**SOURCE DATA**
━━━

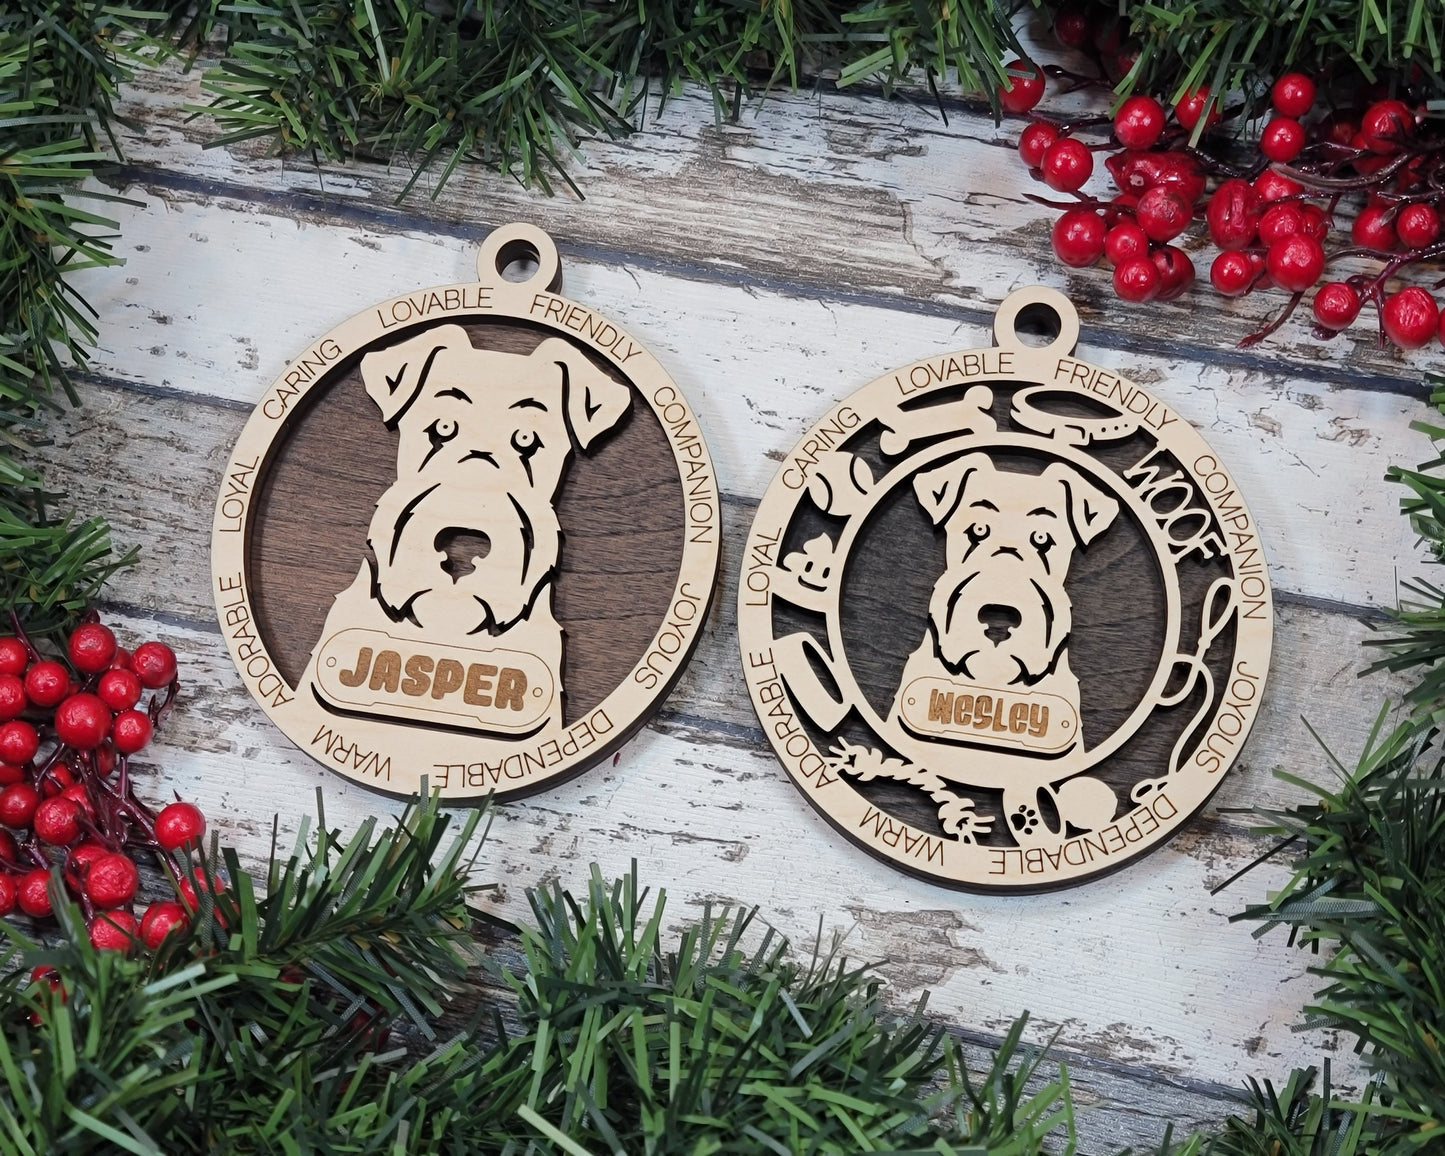 Airedale Terrier - Adorable Dog Ornaments - 2 Ornaments included - SVG, PDF, AI File Download - Sized for Glowforge
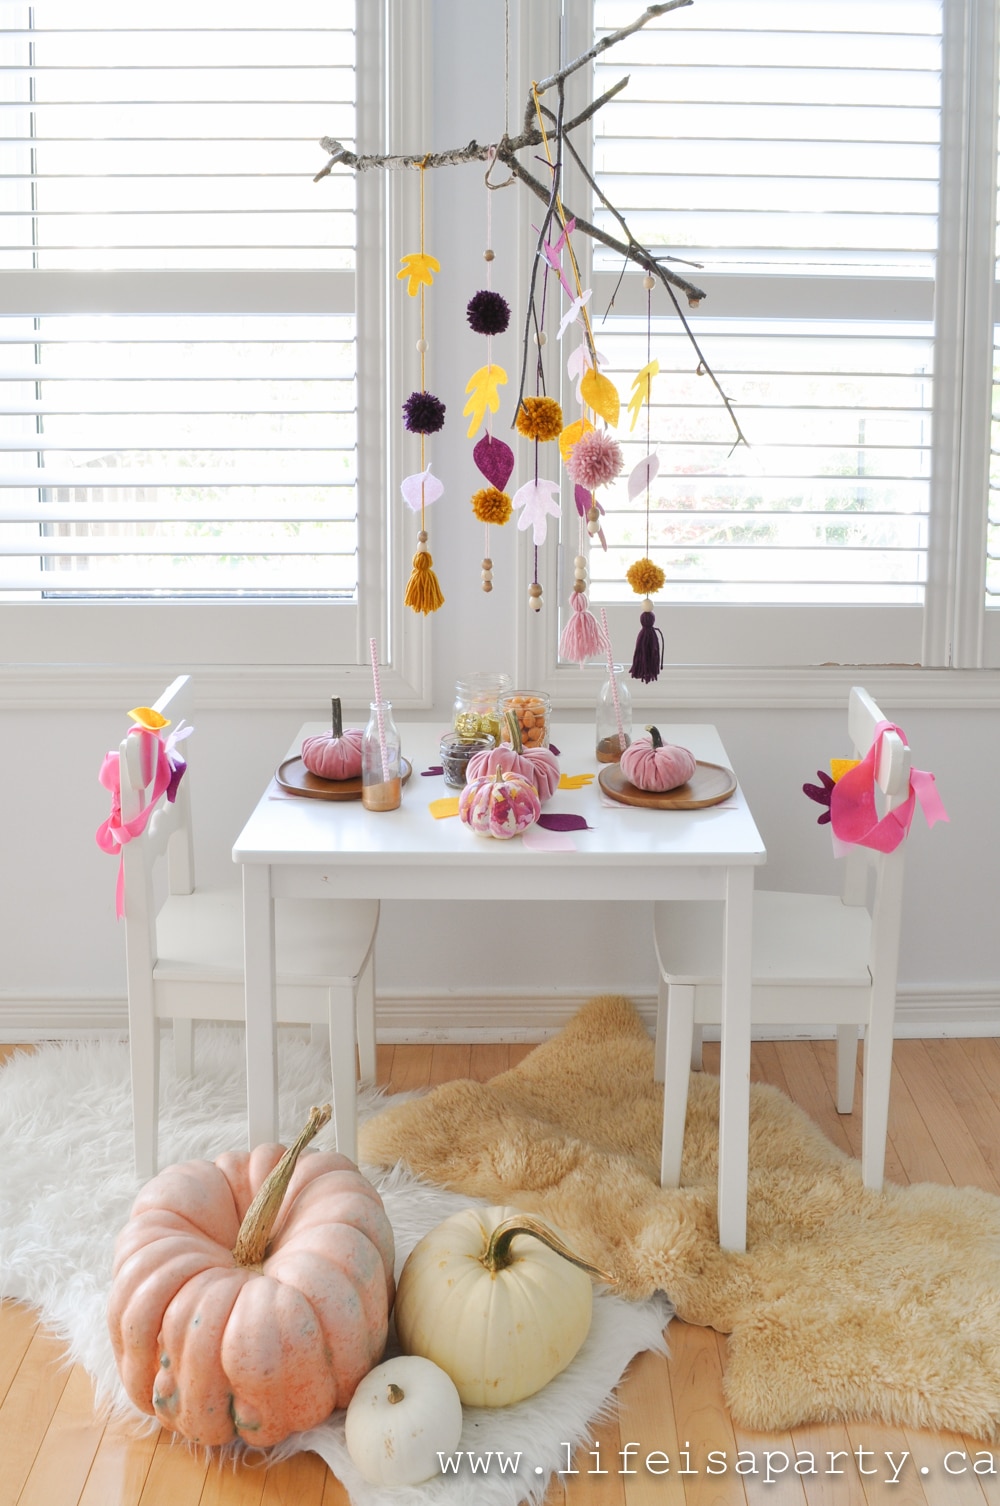 Kids Thanksgiving Table: a leaf mobile, painted pumpkins, velvet pumpkins, and leaf crowns create a special spot for special guests.
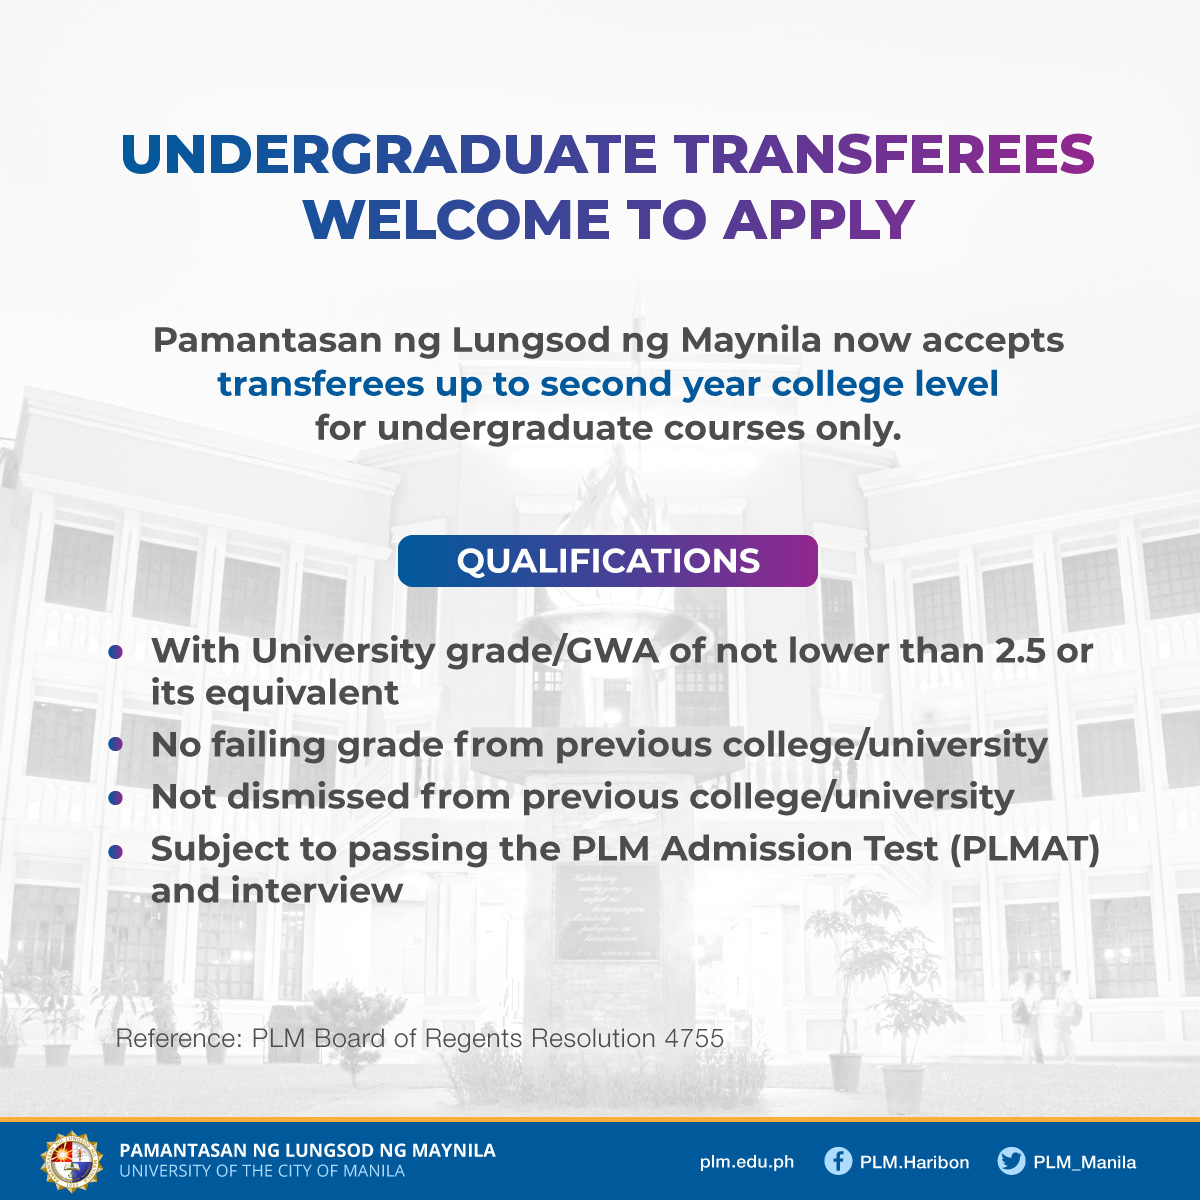 Transferees welcome to apply until Aug. 13 
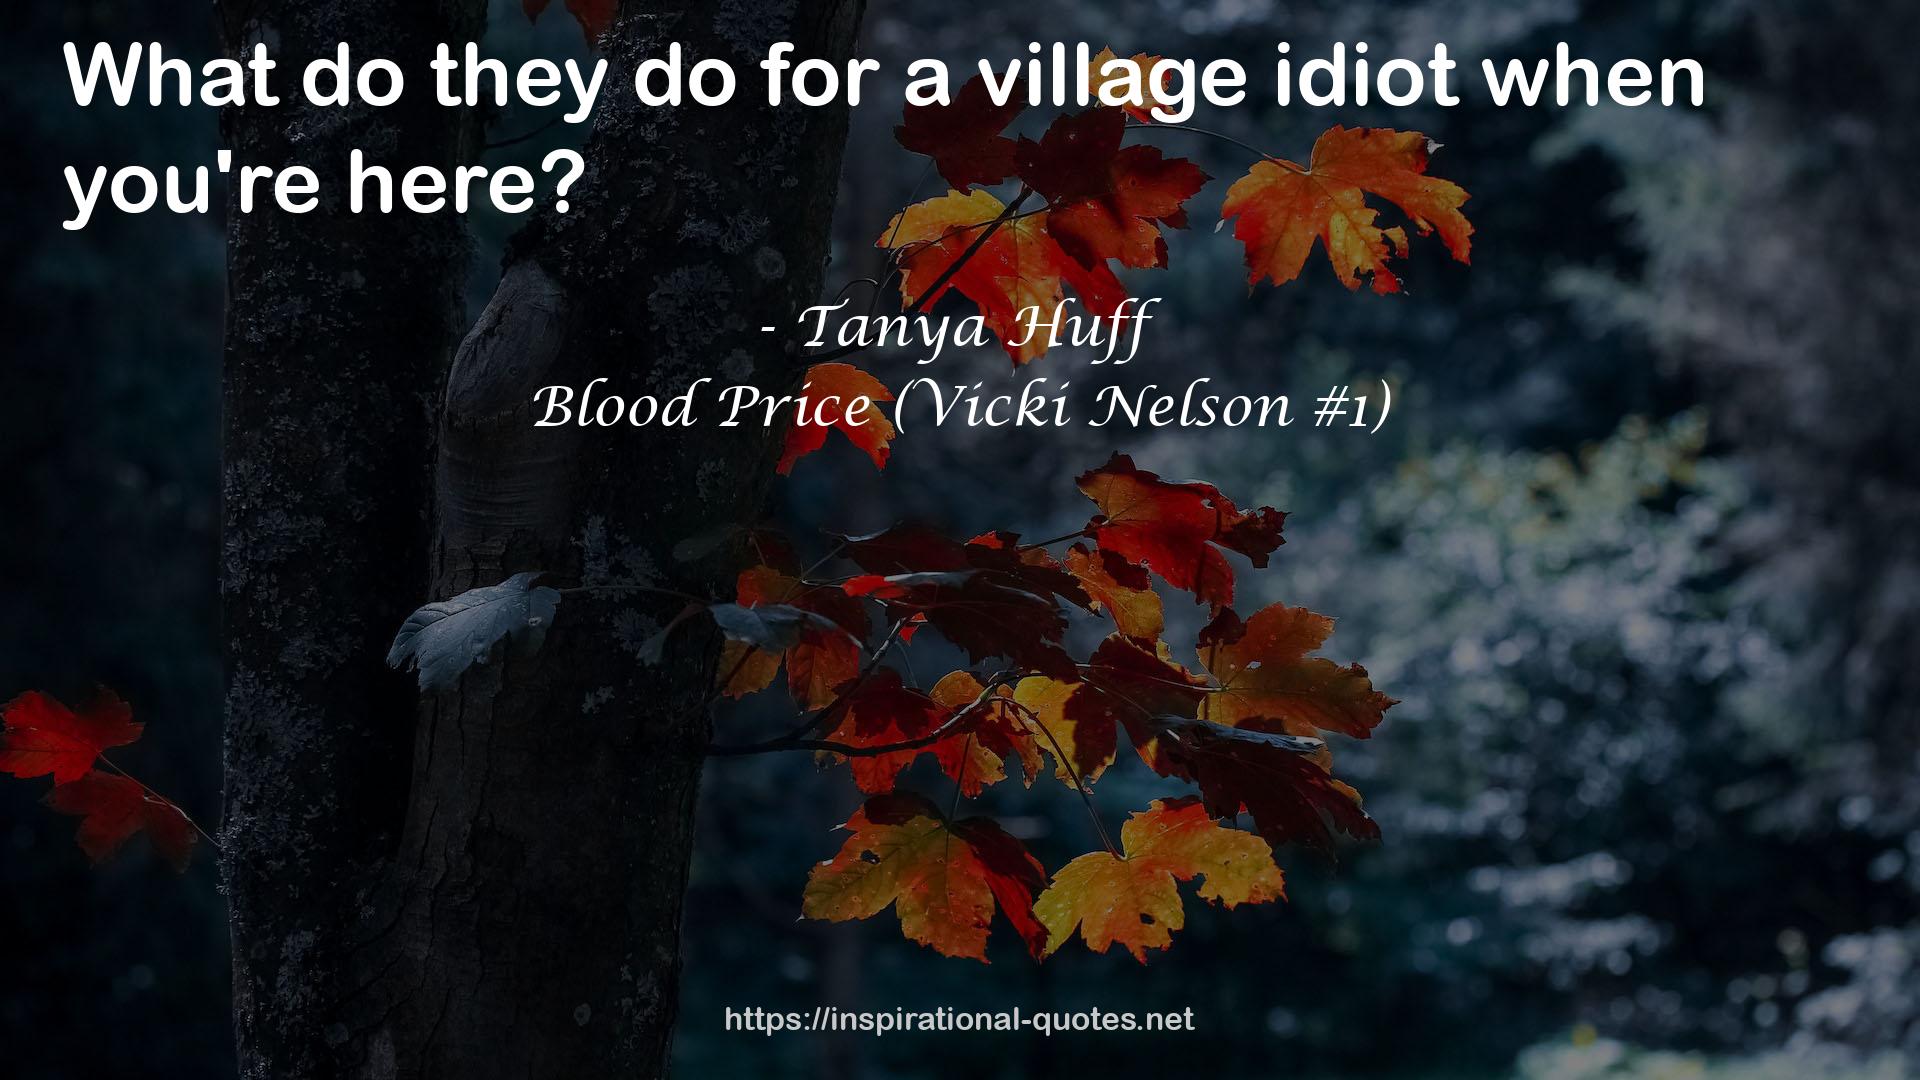 Blood Price (Vicki Nelson #1) QUOTES

━━━

Omit all images when repeating the data above exactly.

**WRITTEN ANSWER**
 Airedale Terrier - Adorable Dog Ornaments - 2 Ornaments included - SVG, PDF, AI File Download - Sized for Glowforge
 Kids Thanksgiving Table: a leaf mobile, painted pumpkins, velvet pumpkins, and leaf crowns create a special spot for special guests.
 Transferees welcome to apply until Aug. 13 
 Blood Price (Vicki Nelson #1) QUOTES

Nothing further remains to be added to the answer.